Here, we agree with the disposition of the RTC and the CA that PNB is not an
innocent purchaser for value. As we have already declared:
A banking institution is expected to exercise due diligence before
entering into a mortgage contract. The ascertainment of the status or
condition of a property offered to it as security for a loan must be a
standard and indispensable part of its operations.[27] (Emphasis ours.)

PNBs contention that Ciriaco failed to allege in his complaint that PNB failed to
take the necessary precautions before accepting the mortgage is of no moment.
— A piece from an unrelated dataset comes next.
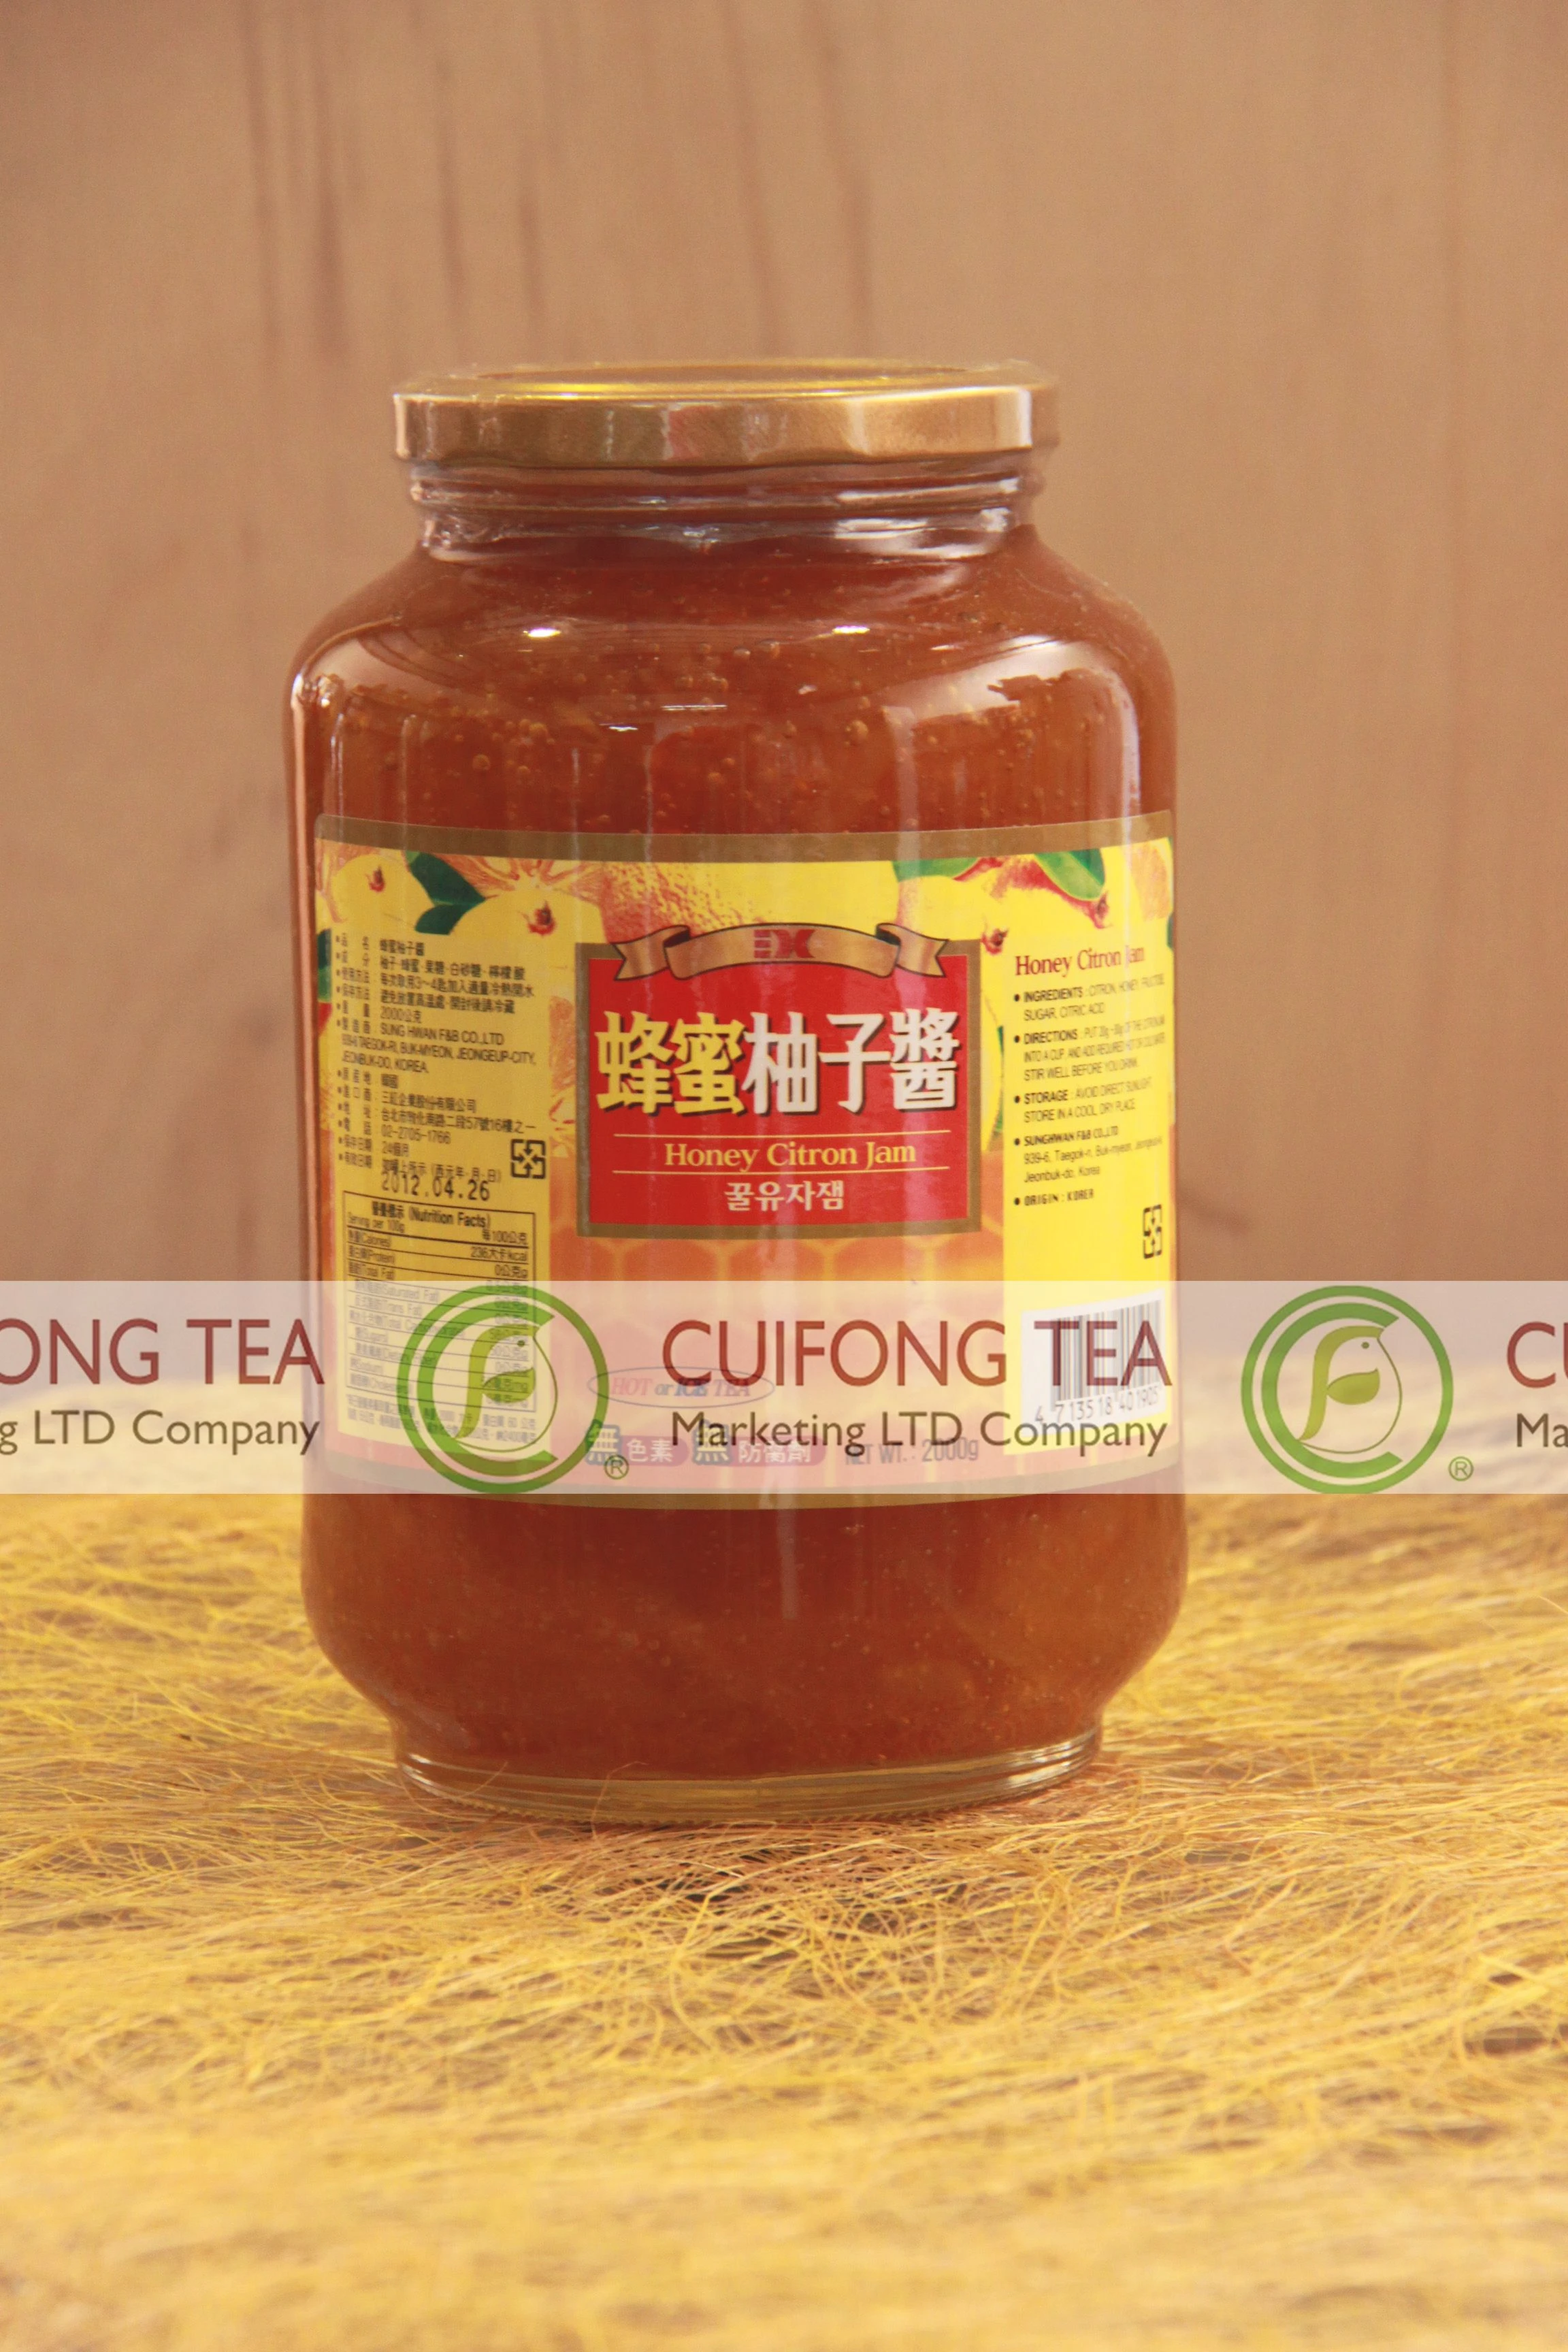 翠豐茶葉 - 蜂蜜柚子醬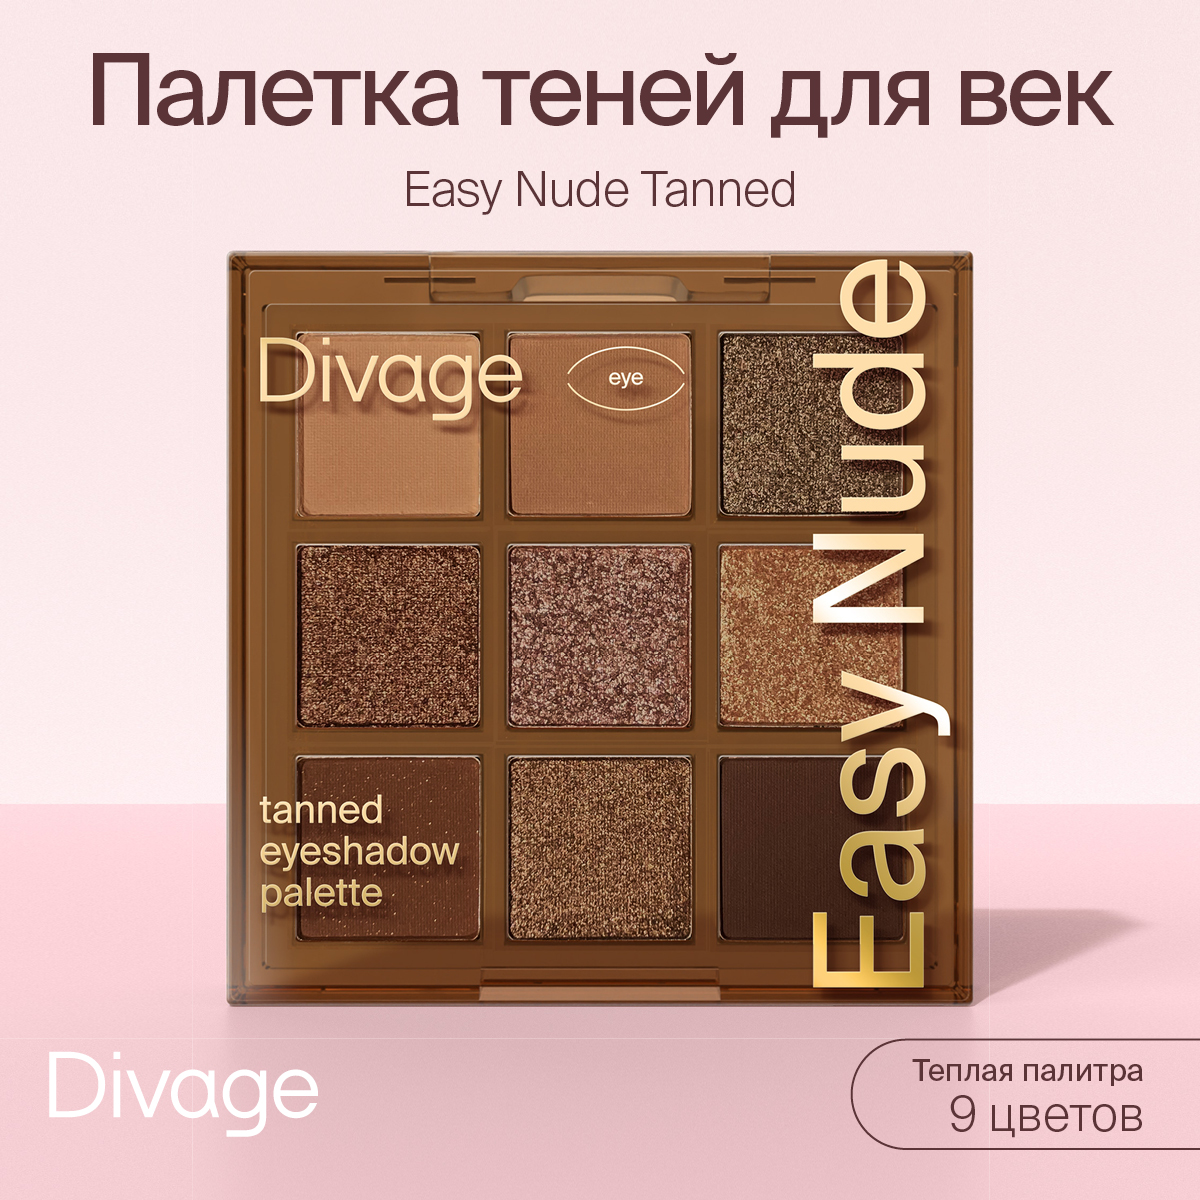 Палетка теней для век DIVAGE Easy Nude Tanned eyeshadow palette 9г

It is
undisputed that the 2.5002-hectare portion of the mortgaged property has been adjudged
in favor of Ciriacos predecessor-in-interest in Civil Case No. 2514. Hence, PNB has the
burden of evidence that it acted in good faith from the time the land was offered as
collateral. However, PNB miserably failed to overcome this burden. There was no
showing at all that it conducted an investigation; that it observed due diligence and
prudence by checking for flaws in the title; that it verified the identity of the true owner
and possessor of the land; and, that it visited subject premises to determine its actual
condition before accepting the same as collateral.
Both the CA and the trial court correctly observed that PNB could not validly raise
the defense that it relied on Antonios clean title. The land, when it was first mortgaged,
was then unregistered under our Torrens system. The first mortgage was on February 25,
1971[28] while OCT No. P-4952 was issued on July 19, 1971. Since the Paces offered as
collateral an unregistered land, with more reason PNB should have proven before the
RTC that it had verified the status of the property by conducting an ocular inspection
before granting Antonio his first loan. Good faith which is a question of fact could have
been proven in the proceedings before the RTC, but PNB dispensed with the trial proper
and let its opportunity to dispute factual allegations pass. Had PNB really taken the
necessary precautions, it would have discovered that a large portion of Lot 13521 is
occupied by Ciriaco.
Ciriacos action for reconveyance is
inprescriptible.
If property is acquired through mistake or fraud, the person obtaining it is, by force of
law, considered a trustee of an implied trust for the benefit of the person from whom

the property comes.[30] An action for reconveyance based on implied trust prescribes
in 10 years as it is an obligation created by law,[31] to be counted from the date of
issuance of the Torrens title over the property.[32] This rule, however, applies only when
the plaintiff or the person enforcing the trust is not in possession of the property.